> Task to carry out: Pictures must not appear in the copy. Restate exactly the lines below from the one with "Scallops Mussla - Wallpaper - Bedroom" through the one with "Concert de guitare : Fernando Perez", inclusive.

[Dataset entries — start]

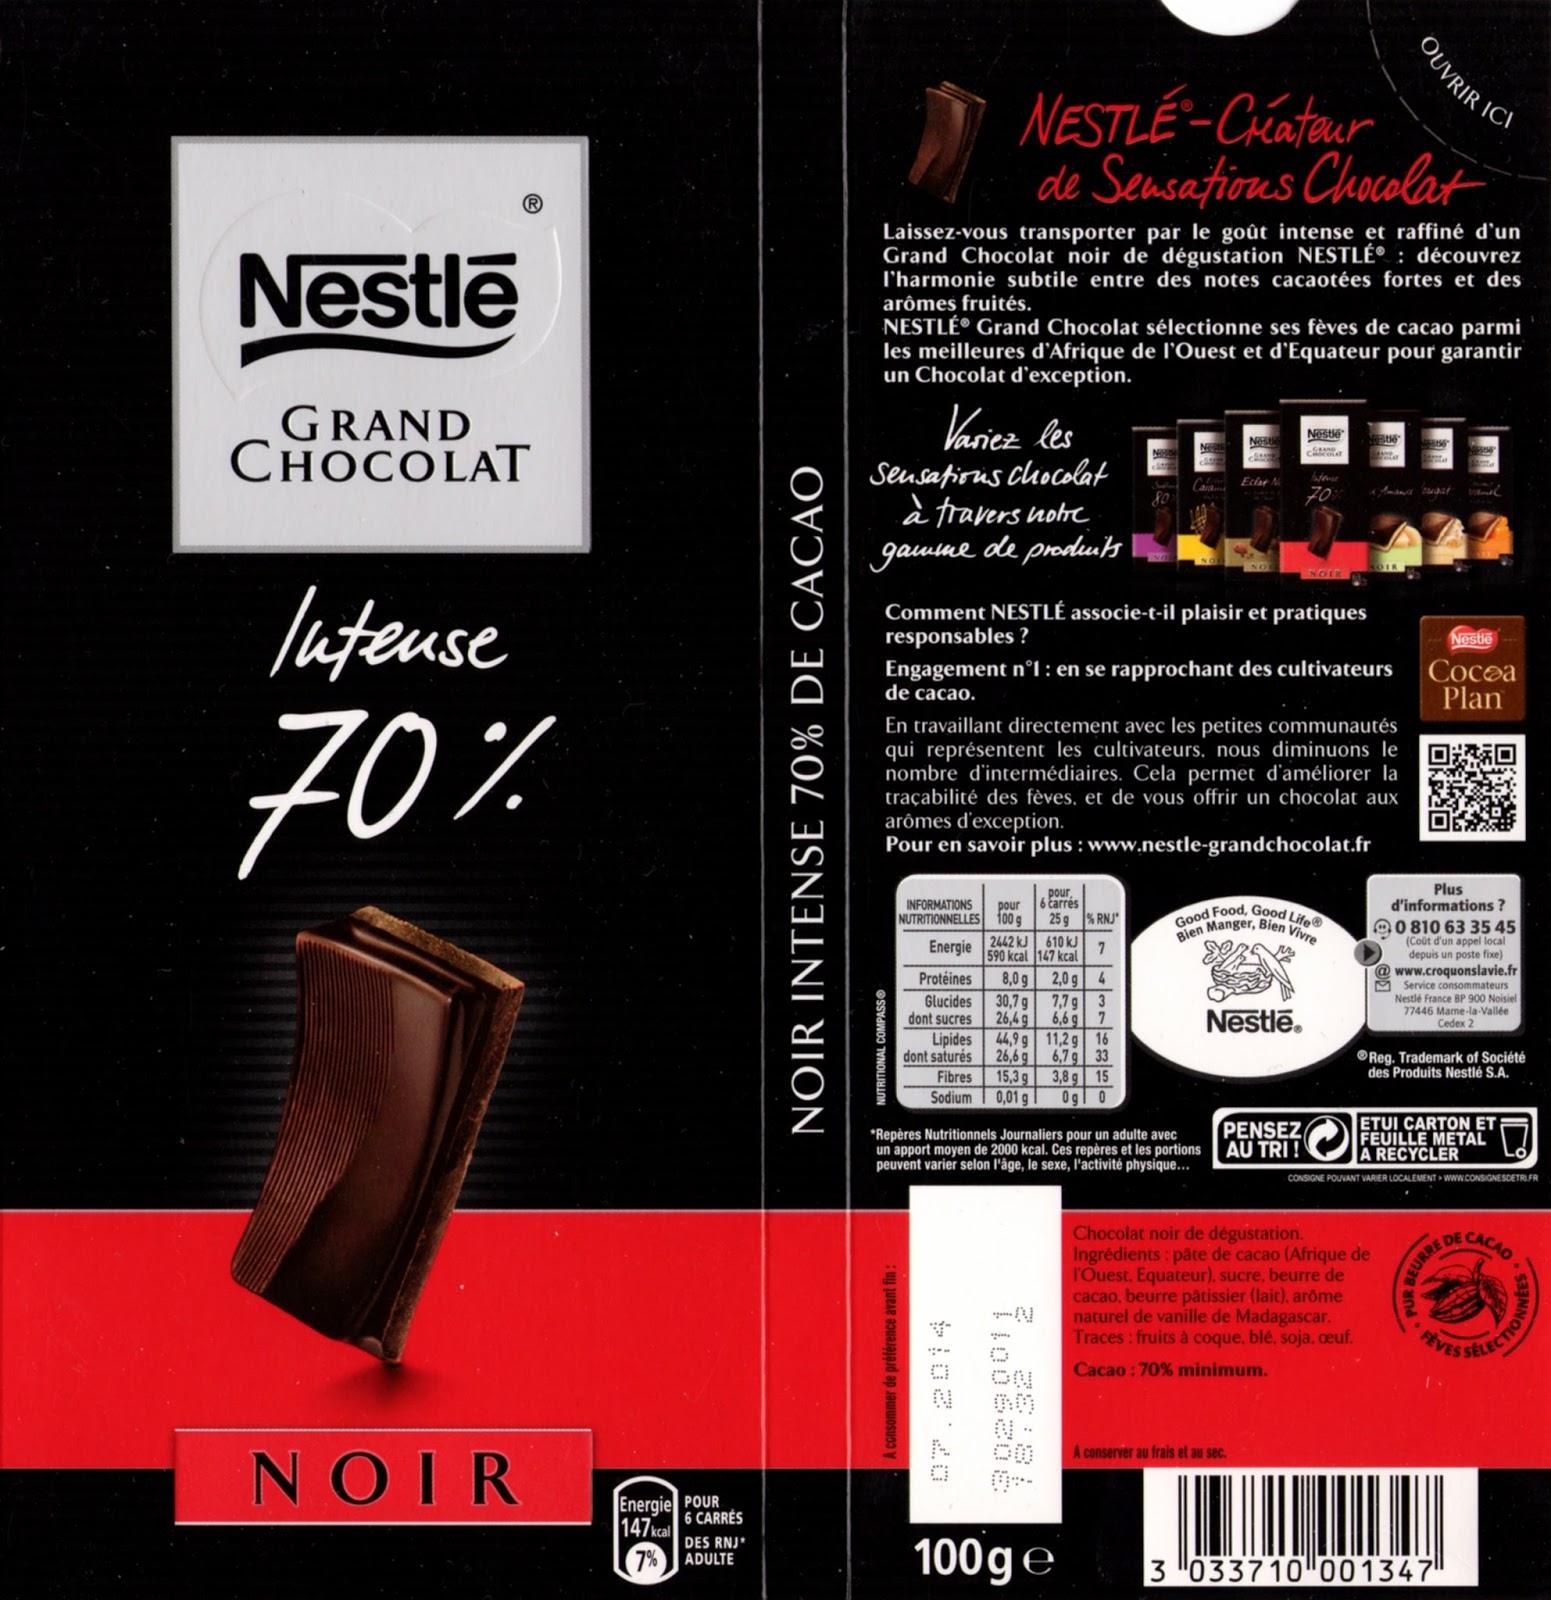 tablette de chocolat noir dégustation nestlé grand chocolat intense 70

[Dataset entries — finish]
[Dataset entries — start]

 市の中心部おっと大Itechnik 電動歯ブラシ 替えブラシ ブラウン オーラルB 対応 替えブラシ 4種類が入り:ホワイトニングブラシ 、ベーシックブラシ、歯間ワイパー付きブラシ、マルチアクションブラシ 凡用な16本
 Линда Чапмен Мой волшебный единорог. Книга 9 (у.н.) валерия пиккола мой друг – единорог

[Dataset entries — finish]
[Dataset entries — start]

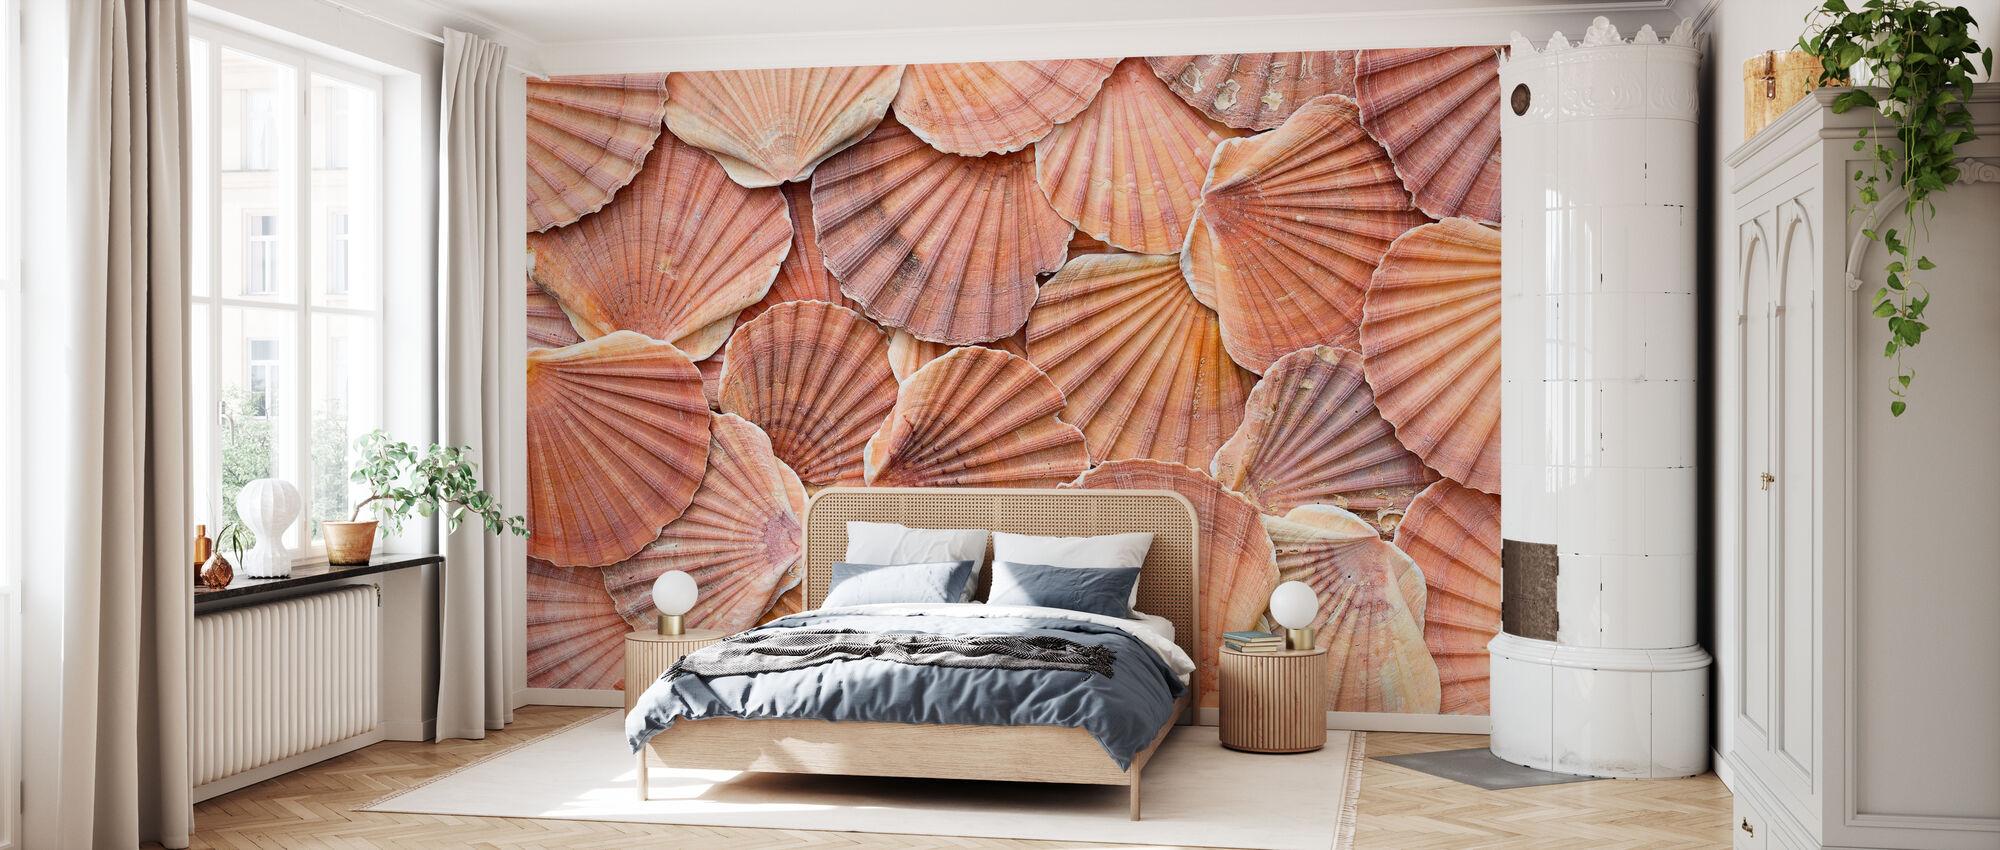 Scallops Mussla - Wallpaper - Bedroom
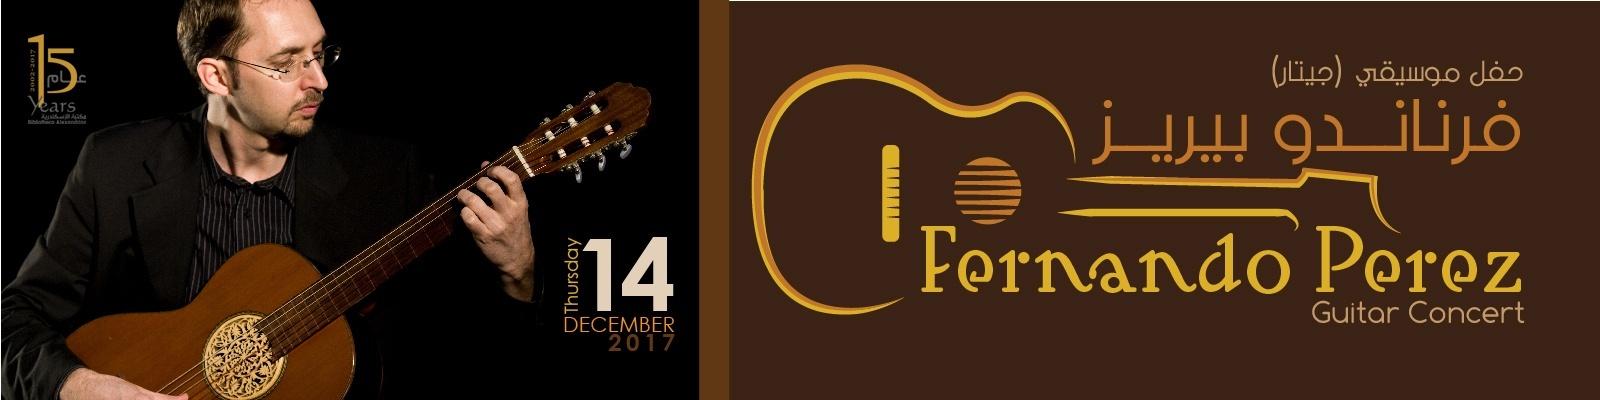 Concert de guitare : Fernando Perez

[Dataset entries — finish]

> Problem solution:
 Scallops Mussla - Wallpaper - Bedroom
 Concert de guitare : Fernando Perez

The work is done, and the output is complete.